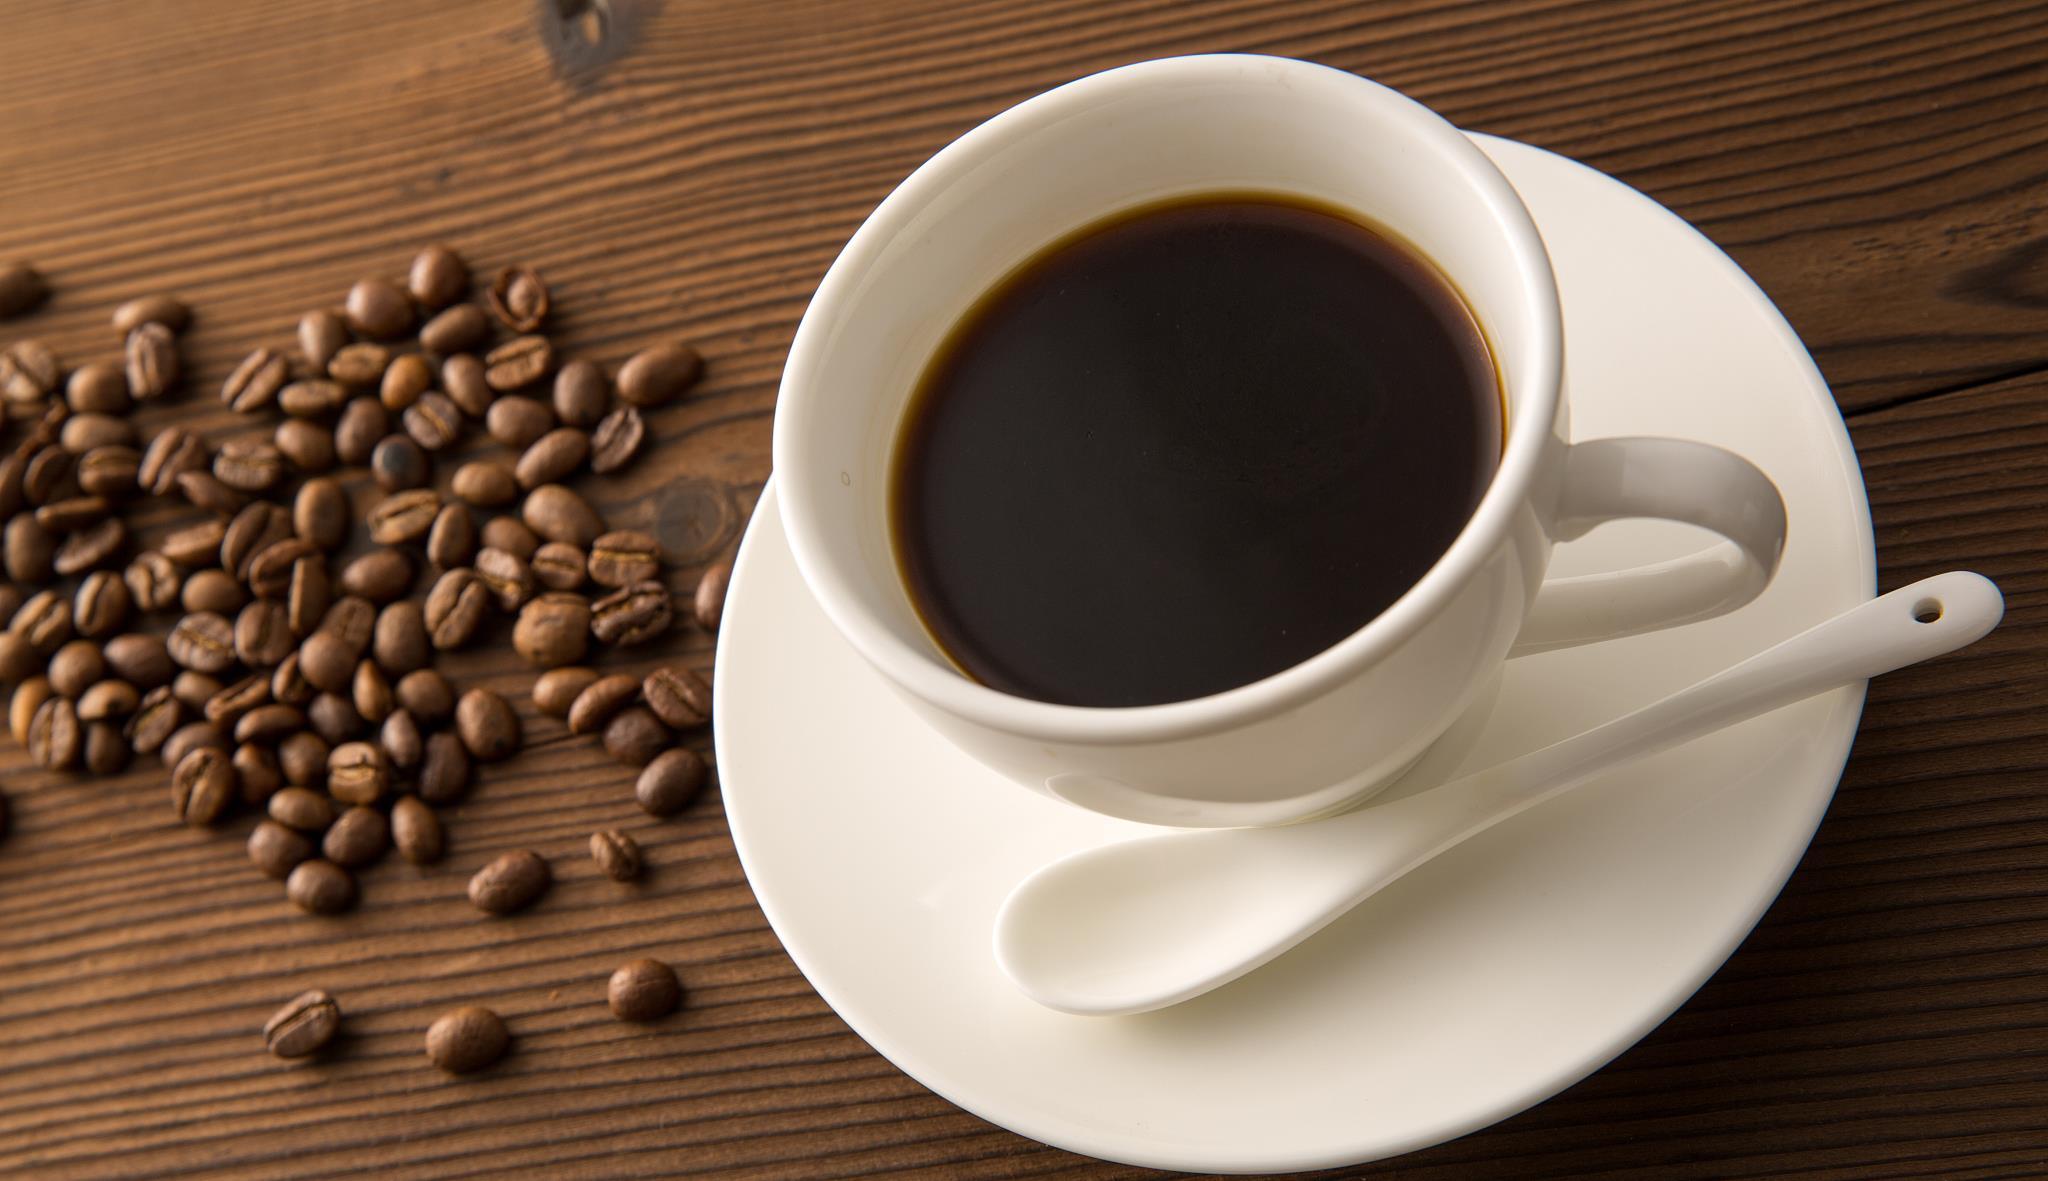 差点被美国资本搞破产,一年亏掉26亿后,国货咖啡品牌开始翻身
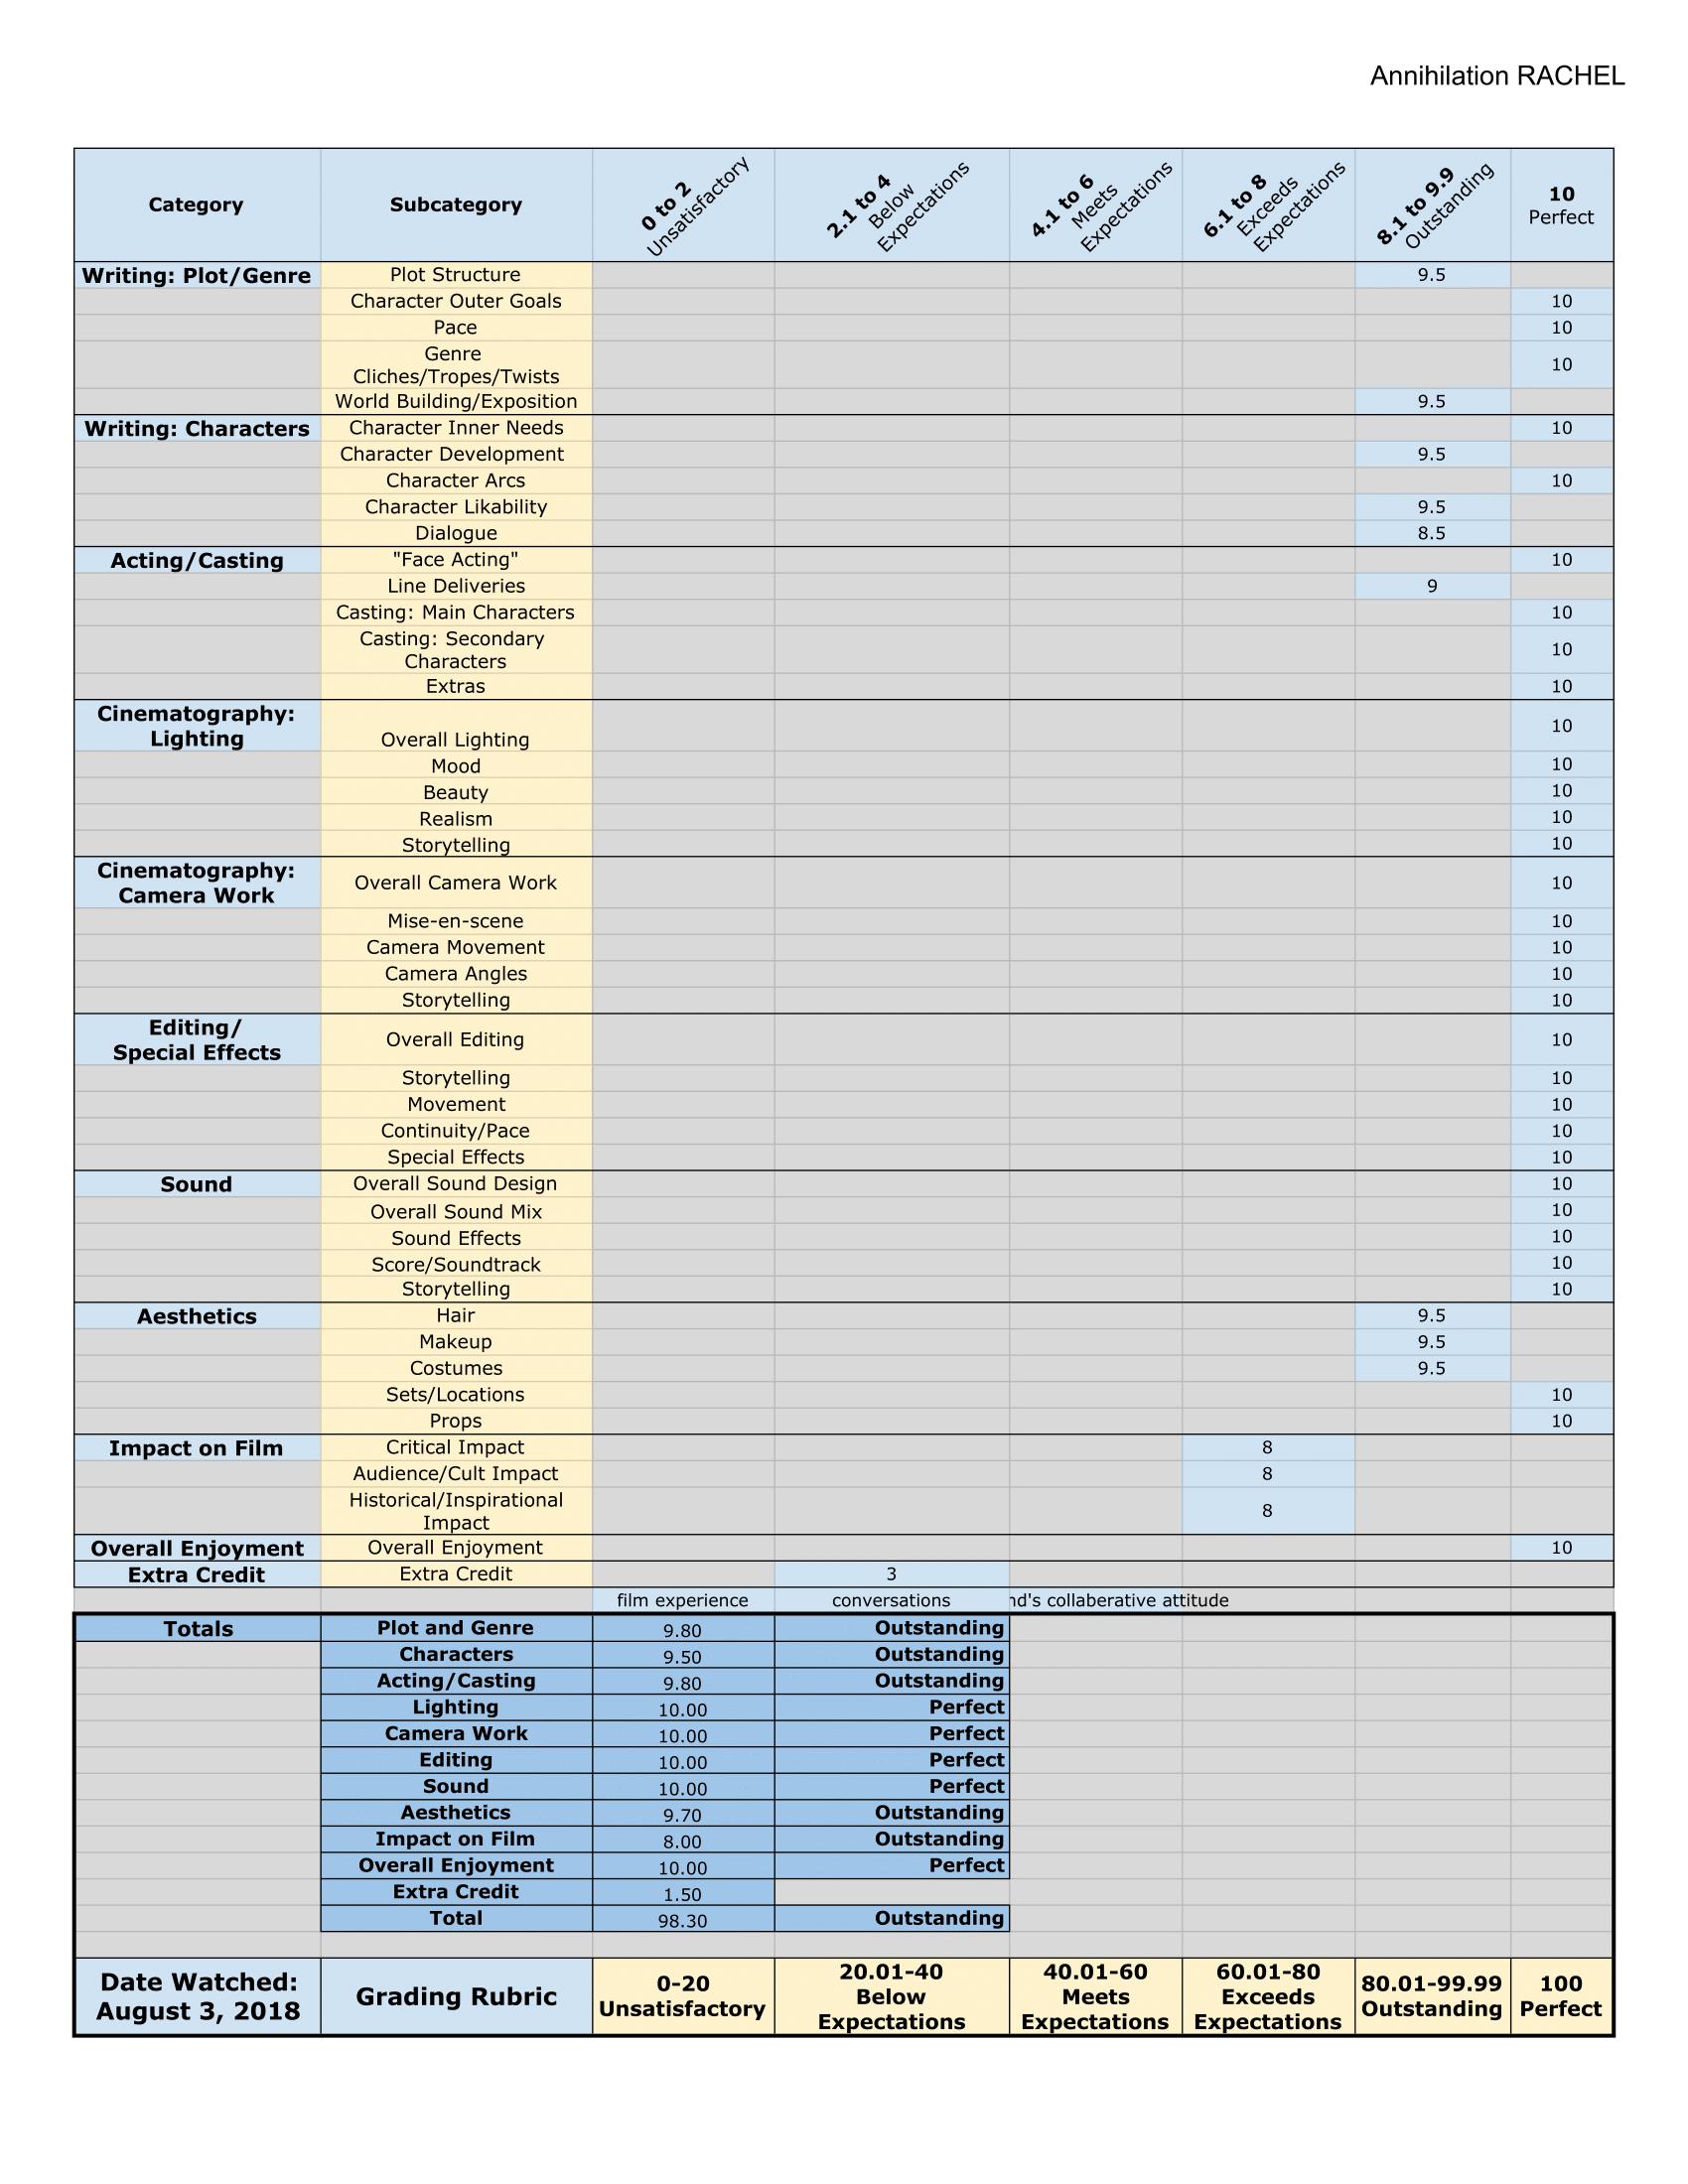 The Grid 2018 - Annihilation RACHEL-1.png
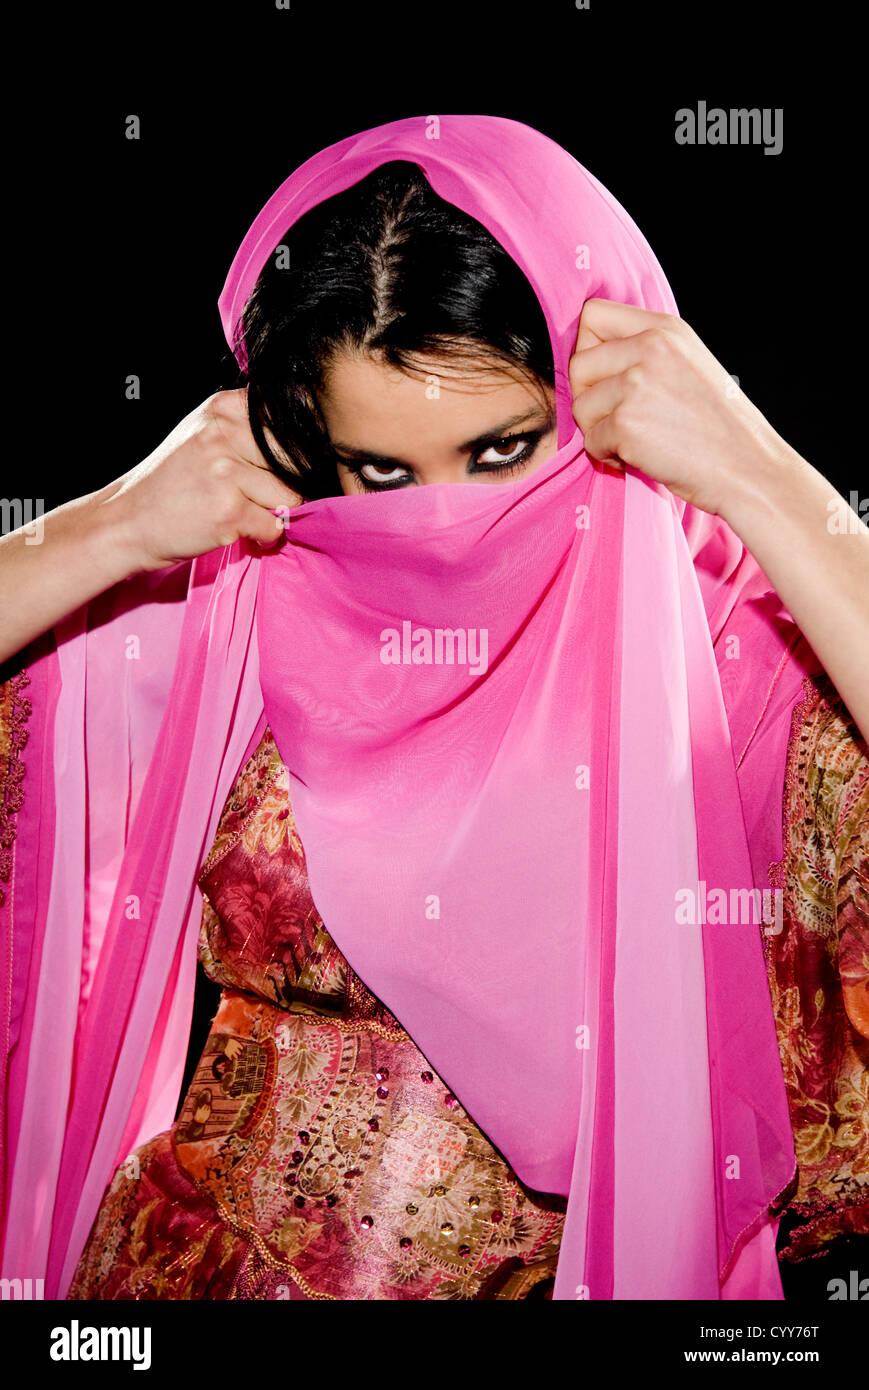 Arabische Frau tragen traditionelle Kleidung auf schwarzem Hintergrund Stockbild
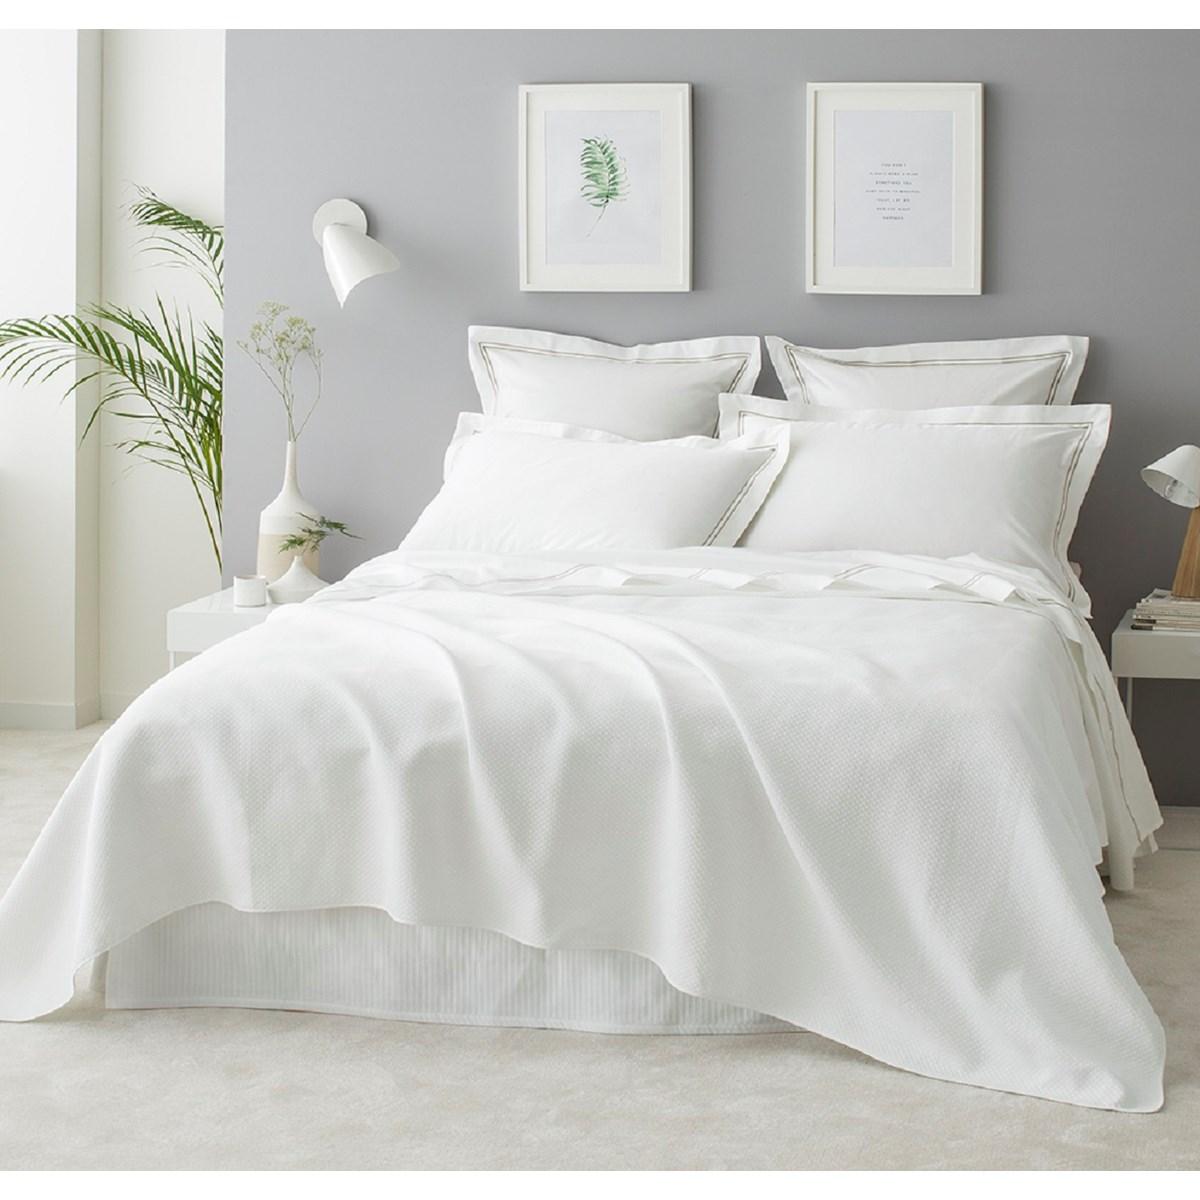 Couverture d'été luxe en Coton  Blanc 220x240 cm

ACTIVITY: Start at the first line and set down all of the data exactly, passing over the pictures.

EXERCISE RESULT:
 差点被美国资本搞破产,一年亏掉26亿后,国货咖啡品牌开始翻身
 The Grid 2018 - Annihilation RACHEL-1.png
 Arabische Frau tragen traditionelle Kleidung auf schwarzem Hintergrund Stockbild
 Couverture d'été luxe en Coton  Blanc 220x240 cm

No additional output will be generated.